6話
戦闘描写が上手く書けない・・・。
5/8 ご指摘により一部修正
6/20 指摘により、感嘆符・三点リーダを修正しました
転移陣をイヴァール山脈に設置して起動させれば、そこは標高4000メートル地点、イヴァール山脈中腹に位置する中継地点だ。
既に一部雲より高いこの場所は、岩肌がむき出しの山脈で構成されており、足場は不安定で油断すれば崖下や山脈の下までまっさかさまだ。
因みに落ちた場合はデッド判定としてすぐさまグランスヴァール、もしくはセーブ地点に戻される。
普通のMMORPGやオンラインゲームなら考えられない程に、リアルな世界だからこその判定と現実味であると言えるだろう。
俺も二度程落ちたことがあるのだが、あれは下手なジェットコースターよりスリリングだった………
なんていったってグランスヴァールに戻された後は思わずマーライオンッ!! してしまったくらいだし。
暫くイヴァール山脈に行かなくなったのは御愛嬌てところだろう。
「久しぶりに来たけど、無駄に高いです。しかもまだ頂上じゃないんですよね……。心臓の弱い人は絶対無理です」
「ええ、私も何度か来たことがありますけど、何時見ても凄い場所です。本当、ここがゲームなのか疑わしく思ってしまいます」
エリナが言ったとおりこんな景色を見ればここがゲームだなんて思えなくなるだろう。
まぁある意味こんな場所は現実でもないだろうが。
視線を遠くに合わせれば巨大な影が複数見える、竜が飛んでいるのだろう。
ここからは相当離れている筈なのだが、しっかりと肉眼で捉えられることからその身が相当巨大であることが伺える。
まぁここは竜族のみしか出現しないしな。
しかも中腹以降は全て中級以上に分類される竜種しか存在しない。
山頂付近にいけば伝説に語られるクラスの竜すら存在しているって話だ。
残念ながら俺は未だ出会ったことはないのだが、攻略サイトにはランダムエンカウントにて複数の出現報告がされている。
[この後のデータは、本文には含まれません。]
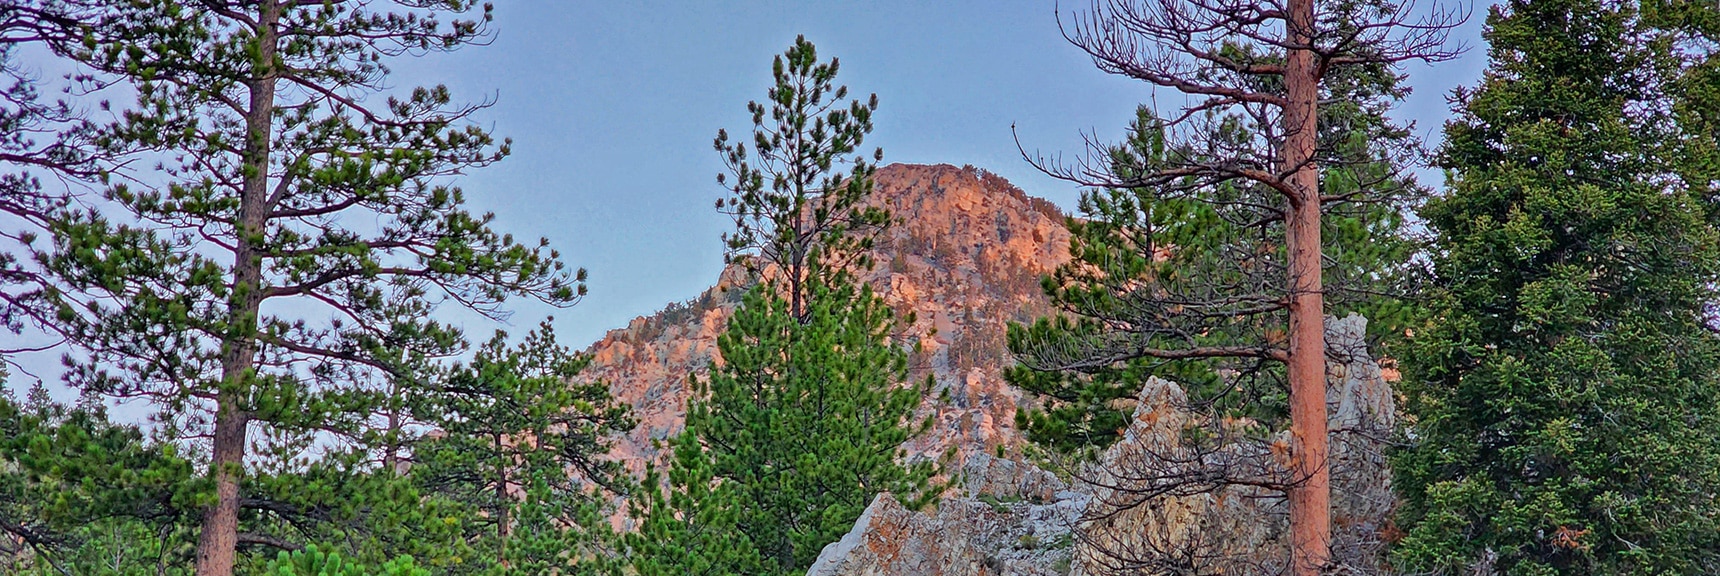 Sisters North from Lee Canyon Road at Sunrise | Sisters North | Lee Canyon | Mt Charleston Wilderness | Spring Mountains, Nevada

さて、ここで立ち往生するわけにも行かない、目的はあくまで竜の涙なのだから。
少々はしゃいでいる二人に声をかけて険しい山脈を進んでいく。
「にしてもアダムの嫌がらせか何かか? 人工の道は兎も角、橋一つないなんて……」
探索を始めて15分、凹凸激しい道のりに前衛職である俺とアリアは兎も角、エリナはやはり辛そうである。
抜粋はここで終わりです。